**Work instructions:** Take the line that contains "Thommie Bayer, German" and each line after it to the end of the material below, and return them exactly, minus the pictures.

:: Supplied material

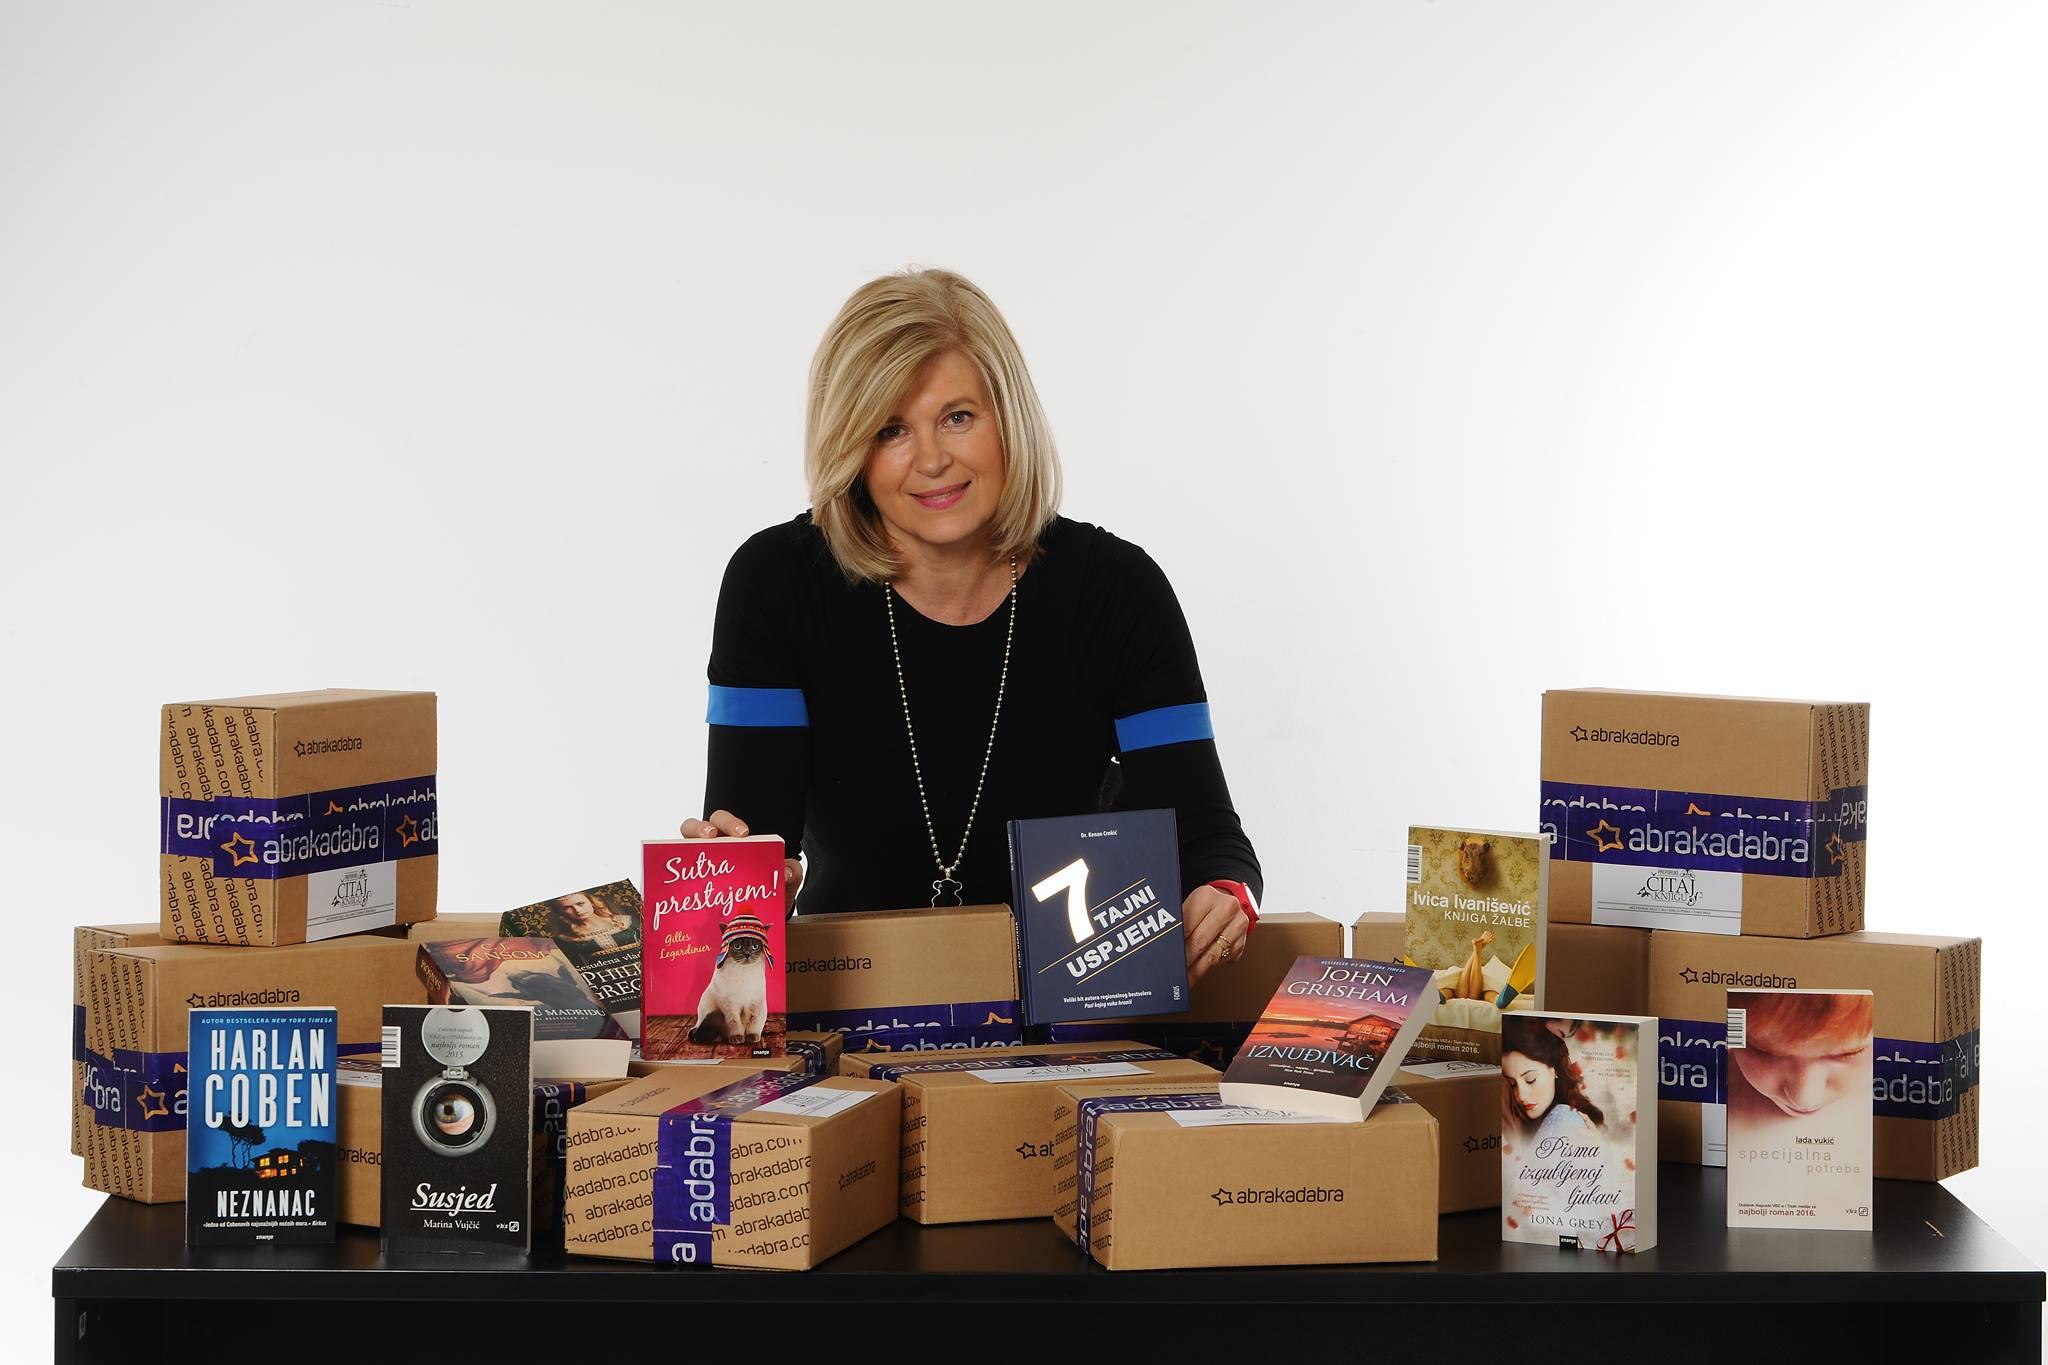 Alis: Pokrenula sam mnogobrojne projekte vezane uz knjige
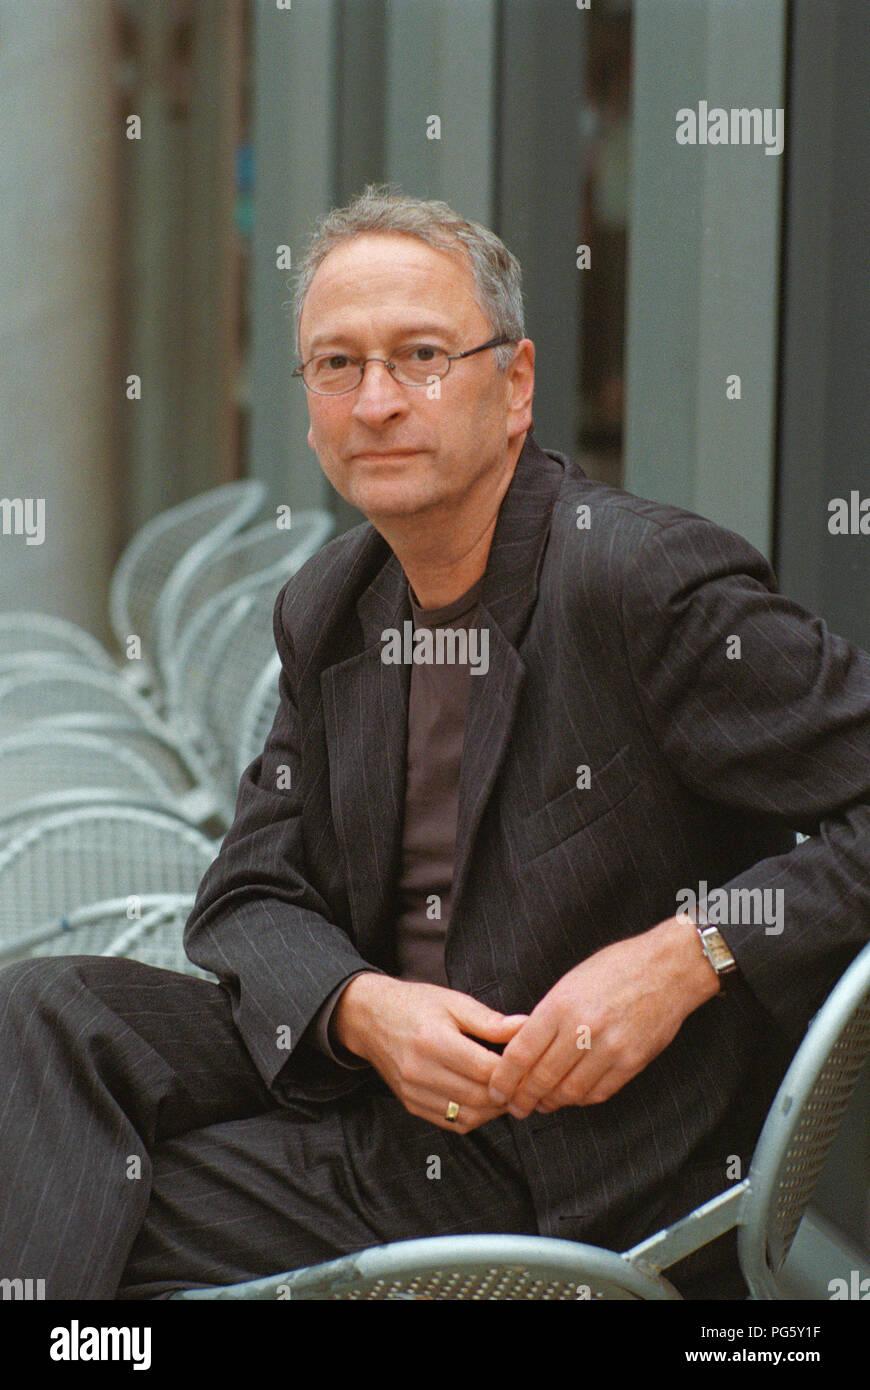 Thommie Bayer, German writer - 12.10.2011 - Stock Image
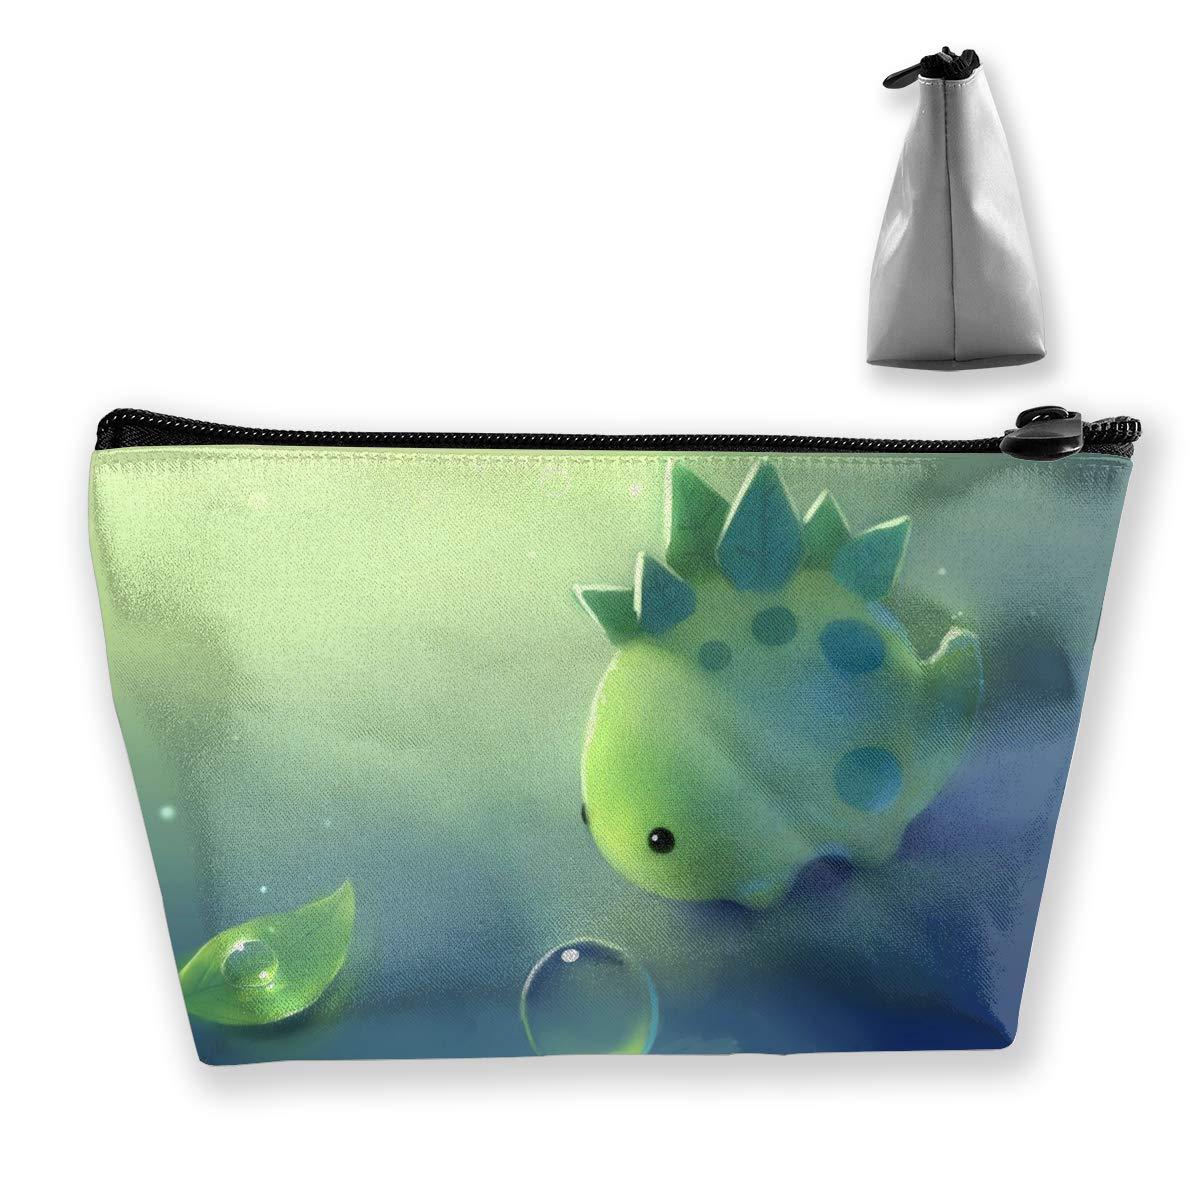 cd71cbe27113 Amazon.com: Create Magic - Cute Dinosaur Makeup Toiletry Bag Travel ...

::::

**Task response:**
 Thommie Bayer, German writer - 12.10.2011 - Stock Image
 cd71cbe27113 Amazon.com: Create Magic - Cute Dinosaur Makeup Toiletry Bag Travel ...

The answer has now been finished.